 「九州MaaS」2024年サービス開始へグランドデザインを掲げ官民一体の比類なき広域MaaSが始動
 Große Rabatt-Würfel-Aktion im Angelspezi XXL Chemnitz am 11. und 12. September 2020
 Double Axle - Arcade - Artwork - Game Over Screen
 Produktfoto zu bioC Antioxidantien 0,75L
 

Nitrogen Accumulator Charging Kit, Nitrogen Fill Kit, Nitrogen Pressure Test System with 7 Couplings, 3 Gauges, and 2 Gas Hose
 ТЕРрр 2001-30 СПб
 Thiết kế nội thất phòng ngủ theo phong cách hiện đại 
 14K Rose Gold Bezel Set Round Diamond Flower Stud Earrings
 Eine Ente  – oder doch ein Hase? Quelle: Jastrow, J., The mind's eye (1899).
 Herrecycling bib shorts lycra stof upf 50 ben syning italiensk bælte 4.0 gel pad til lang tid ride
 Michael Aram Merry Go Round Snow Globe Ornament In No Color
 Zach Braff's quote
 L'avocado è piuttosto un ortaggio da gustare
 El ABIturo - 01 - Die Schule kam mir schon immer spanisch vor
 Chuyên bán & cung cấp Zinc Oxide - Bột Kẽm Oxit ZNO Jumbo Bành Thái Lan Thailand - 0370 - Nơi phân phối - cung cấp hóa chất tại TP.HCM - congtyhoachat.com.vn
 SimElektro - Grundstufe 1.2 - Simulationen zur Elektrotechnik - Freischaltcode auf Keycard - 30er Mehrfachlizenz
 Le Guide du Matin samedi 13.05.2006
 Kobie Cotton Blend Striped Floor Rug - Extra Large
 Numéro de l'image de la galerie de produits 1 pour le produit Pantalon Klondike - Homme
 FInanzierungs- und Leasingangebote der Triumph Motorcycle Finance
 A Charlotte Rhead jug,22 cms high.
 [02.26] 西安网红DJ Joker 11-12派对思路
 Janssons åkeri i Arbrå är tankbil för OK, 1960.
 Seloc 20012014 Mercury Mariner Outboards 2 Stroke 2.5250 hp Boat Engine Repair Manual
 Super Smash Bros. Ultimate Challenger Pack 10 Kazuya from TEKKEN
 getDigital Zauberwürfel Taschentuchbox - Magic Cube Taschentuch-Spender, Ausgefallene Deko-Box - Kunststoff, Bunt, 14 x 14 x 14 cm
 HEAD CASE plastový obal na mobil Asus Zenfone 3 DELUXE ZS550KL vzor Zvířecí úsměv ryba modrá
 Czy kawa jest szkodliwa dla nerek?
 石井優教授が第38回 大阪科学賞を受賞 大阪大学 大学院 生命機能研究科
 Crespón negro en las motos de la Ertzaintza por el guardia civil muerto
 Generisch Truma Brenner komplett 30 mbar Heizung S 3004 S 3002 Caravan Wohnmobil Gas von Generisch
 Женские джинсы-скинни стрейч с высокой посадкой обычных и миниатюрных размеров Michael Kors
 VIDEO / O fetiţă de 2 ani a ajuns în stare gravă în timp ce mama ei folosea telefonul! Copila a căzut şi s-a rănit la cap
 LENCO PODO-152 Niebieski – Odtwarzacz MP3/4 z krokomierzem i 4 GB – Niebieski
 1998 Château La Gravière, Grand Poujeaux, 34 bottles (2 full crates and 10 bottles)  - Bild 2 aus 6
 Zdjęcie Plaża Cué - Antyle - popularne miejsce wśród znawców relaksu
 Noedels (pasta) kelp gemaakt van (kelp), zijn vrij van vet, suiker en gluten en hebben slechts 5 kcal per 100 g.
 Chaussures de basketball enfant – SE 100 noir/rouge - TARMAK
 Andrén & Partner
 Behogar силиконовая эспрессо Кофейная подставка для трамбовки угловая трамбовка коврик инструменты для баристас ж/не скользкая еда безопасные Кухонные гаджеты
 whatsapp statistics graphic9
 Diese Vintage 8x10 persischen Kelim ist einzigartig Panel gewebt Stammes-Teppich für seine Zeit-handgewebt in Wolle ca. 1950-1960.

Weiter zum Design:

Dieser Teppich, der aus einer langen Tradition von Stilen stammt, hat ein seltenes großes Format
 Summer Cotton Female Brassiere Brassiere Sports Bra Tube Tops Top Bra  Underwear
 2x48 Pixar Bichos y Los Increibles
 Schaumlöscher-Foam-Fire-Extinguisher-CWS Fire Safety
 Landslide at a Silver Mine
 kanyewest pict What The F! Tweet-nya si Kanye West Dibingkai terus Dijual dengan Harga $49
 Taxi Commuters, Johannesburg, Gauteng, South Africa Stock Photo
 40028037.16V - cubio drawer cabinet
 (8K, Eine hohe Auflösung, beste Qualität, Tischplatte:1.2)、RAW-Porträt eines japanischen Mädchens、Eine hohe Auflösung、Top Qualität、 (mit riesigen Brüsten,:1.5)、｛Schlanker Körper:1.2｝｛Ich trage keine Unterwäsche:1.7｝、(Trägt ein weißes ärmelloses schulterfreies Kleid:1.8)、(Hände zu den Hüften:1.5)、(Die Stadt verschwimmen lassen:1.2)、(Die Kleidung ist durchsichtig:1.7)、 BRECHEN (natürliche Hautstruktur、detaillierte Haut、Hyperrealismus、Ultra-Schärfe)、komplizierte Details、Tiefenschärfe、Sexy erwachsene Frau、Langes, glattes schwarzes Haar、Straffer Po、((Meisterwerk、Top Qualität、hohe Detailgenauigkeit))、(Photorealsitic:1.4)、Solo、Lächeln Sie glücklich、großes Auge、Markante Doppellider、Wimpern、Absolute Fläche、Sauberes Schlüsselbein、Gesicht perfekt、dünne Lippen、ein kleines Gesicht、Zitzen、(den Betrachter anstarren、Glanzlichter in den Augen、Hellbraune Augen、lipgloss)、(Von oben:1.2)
+===+
__PROBLEM DESCRIPTION__. Nothing but the lines above from the one containing "Chuyên bán &" through the one containing "1998 Château La" should appear in the answer, each repeated exactly.

__ANSWER TO THE PROBLEM__.
 Chuyên bán & cung cấp Zinc Oxide - Bột Kẽm Oxit ZNO Jumbo Bành Thái Lan Thailand - 0370 - Nơi phân phối - cung cấp hóa chất tại TP.HCM - congtyhoachat.com.vn
 SimElektro - Grundstufe 1.2 - Simulationen zur Elektrotechnik - Freischaltcode auf Keycard - 30er Mehrfachlizenz
 Le Guide du Matin samedi 13.05.2006
 Kobie Cotton Blend Striped Floor Rug - Extra Large
 Numéro de l'image de la galerie de produits 1 pour le produit Pantalon Klondike - Homme
 FInanzierungs- und Leasingangebote der Triumph Motorcycle Finance
 A Charlotte Rhead jug,22 cms high.
 [02.26] 西安网红DJ Joker 11-12派对思路
 Janssons åkeri i Arbrå är tankbil för OK, 1960.
 Seloc 20012014 Mercury Mariner Outboards 2 Stroke 2.5250 hp Boat Engine Repair Manual
 Super Smash Bros. Ultimate Challenger Pack 10 Kazuya from TEKKEN
 getDigital Zauberwürfel Taschentuchbox - Magic Cube Taschentuch-Spender, Ausgefallene Deko-Box - Kunststoff, Bunt, 14 x 14 x 14 cm
 HEAD CASE plastový obal na mobil Asus Zenfone 3 DELUXE ZS550KL vzor Zvířecí úsměv ryba modrá
 Czy kawa jest szkodliwa dla nerek?
 石井優教授が第38回 大阪科学賞を受賞 大阪大学 大学院 生命機能研究科
 Crespón negro en las motos de la Ertzaintza por el guardia civil muerto
 Generisch Truma Brenner komplett 30 mbar Heizung S 3004 S 3002 Caravan Wohnmobil Gas von Generisch
 Женские джинсы-скинни стрейч с высокой посадкой обычных и миниатюрных размеров Michael Kors
 VIDEO / O fetiţă de 2 ani a ajuns în stare gravă în timp ce mama ei folosea telefonul! Copila a căzut şi s-a rănit la cap
 LENCO PODO-152 Niebieski – Odtwarzacz MP3/4 z krokomierzem i 4 GB – Niebieski
 1998 Château La Gravière, Grand Poujeaux, 34 bottles (2 full crates and 10 bottles)  - Bild 2 aus 6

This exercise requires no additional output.